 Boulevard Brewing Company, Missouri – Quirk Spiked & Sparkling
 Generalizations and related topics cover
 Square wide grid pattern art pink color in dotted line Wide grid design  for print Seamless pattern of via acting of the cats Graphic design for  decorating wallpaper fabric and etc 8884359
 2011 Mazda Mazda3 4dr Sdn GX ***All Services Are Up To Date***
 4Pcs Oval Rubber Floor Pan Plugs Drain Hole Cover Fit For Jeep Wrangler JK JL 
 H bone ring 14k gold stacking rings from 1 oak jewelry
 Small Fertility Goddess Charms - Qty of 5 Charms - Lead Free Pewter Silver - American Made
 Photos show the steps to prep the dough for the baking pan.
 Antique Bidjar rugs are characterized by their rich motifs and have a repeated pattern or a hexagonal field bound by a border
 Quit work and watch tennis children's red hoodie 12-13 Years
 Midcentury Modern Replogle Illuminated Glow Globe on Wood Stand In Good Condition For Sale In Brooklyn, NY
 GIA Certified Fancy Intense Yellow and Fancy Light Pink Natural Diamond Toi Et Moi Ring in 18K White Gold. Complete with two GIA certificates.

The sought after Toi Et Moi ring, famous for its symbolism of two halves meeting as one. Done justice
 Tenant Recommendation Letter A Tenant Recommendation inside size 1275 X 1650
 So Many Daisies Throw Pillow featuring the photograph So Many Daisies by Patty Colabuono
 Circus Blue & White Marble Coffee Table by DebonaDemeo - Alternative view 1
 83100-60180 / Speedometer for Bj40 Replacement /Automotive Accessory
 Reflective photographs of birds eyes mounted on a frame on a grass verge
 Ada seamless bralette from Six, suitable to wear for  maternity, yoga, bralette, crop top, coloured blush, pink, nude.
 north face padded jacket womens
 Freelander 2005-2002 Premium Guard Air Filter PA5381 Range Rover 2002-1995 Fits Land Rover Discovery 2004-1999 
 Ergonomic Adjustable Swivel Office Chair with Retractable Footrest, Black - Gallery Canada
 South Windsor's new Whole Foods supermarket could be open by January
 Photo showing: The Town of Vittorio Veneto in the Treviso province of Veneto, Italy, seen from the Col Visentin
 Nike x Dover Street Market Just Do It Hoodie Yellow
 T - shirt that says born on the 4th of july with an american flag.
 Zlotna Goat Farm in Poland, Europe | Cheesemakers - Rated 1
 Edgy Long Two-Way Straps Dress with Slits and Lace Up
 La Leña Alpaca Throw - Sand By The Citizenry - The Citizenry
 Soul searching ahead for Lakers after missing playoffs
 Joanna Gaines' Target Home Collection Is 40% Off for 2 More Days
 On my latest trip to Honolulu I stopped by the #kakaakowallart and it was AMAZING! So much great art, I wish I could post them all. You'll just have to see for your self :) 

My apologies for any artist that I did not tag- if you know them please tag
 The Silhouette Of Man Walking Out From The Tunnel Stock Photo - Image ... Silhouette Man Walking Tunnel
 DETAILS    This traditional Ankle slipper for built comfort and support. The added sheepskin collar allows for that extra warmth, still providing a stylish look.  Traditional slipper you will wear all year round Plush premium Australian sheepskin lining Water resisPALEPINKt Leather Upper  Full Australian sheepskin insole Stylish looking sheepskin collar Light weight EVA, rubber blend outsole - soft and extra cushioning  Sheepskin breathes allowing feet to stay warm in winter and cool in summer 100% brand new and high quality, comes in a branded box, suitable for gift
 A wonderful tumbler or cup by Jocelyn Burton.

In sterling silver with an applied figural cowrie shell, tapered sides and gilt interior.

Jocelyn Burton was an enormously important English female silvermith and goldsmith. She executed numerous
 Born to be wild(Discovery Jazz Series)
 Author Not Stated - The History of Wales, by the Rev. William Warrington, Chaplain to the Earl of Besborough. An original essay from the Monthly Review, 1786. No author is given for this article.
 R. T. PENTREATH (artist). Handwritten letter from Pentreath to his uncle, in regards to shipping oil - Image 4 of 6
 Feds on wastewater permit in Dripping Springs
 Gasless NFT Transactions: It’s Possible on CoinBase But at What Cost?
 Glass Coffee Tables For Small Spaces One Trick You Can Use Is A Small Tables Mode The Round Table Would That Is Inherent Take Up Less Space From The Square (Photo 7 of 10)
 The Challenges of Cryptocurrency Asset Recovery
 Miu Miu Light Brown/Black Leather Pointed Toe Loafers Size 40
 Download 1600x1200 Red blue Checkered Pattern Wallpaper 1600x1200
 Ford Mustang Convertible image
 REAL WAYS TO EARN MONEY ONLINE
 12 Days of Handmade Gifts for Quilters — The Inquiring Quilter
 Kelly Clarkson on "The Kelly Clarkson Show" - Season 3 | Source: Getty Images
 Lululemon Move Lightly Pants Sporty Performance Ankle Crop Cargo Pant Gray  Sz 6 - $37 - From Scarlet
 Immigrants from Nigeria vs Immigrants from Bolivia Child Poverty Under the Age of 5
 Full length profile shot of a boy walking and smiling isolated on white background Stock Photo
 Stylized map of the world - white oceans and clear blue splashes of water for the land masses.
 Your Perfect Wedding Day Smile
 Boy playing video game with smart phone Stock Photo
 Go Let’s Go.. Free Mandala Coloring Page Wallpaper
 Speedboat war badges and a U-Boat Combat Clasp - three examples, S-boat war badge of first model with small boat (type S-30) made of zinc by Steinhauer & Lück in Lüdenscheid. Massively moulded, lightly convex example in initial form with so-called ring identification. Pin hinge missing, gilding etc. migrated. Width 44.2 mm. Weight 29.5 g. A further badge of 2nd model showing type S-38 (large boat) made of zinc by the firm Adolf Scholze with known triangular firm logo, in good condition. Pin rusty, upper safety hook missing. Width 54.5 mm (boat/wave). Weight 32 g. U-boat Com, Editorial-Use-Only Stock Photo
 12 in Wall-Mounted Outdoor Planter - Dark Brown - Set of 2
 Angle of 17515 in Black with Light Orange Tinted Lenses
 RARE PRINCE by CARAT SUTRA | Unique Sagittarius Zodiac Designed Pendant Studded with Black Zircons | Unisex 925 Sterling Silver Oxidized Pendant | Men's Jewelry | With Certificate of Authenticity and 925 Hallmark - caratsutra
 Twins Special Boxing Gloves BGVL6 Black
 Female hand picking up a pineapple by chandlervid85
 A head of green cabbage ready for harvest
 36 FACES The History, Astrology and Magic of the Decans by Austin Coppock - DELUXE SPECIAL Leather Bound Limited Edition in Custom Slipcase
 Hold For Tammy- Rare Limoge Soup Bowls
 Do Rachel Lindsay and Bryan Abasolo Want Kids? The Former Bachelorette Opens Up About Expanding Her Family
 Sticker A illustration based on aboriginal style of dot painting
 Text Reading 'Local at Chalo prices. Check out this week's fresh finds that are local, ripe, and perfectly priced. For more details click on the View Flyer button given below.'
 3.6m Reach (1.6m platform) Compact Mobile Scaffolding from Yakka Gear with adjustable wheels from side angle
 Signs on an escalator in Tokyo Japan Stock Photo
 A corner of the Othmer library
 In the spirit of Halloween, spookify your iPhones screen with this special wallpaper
* * * *
# [DIRECTIONS]
Restate the entries above word for word, beginning with their first line and ending with the line holding "2011 Mazda Mazda3"; omit everything else.

# [EXERCISE SOLUTION]
 Boulevard Brewing Company, Missouri – Quirk Spiked & Sparkling
 Generalizations and related topics cover
 Square wide grid pattern art pink color in dotted line Wide grid design  for print Seamless pattern of via acting of the cats Graphic design for  decorating wallpaper fabric and etc 8884359
 2011 Mazda Mazda3 4dr Sdn GX ***All Services Are Up To Date***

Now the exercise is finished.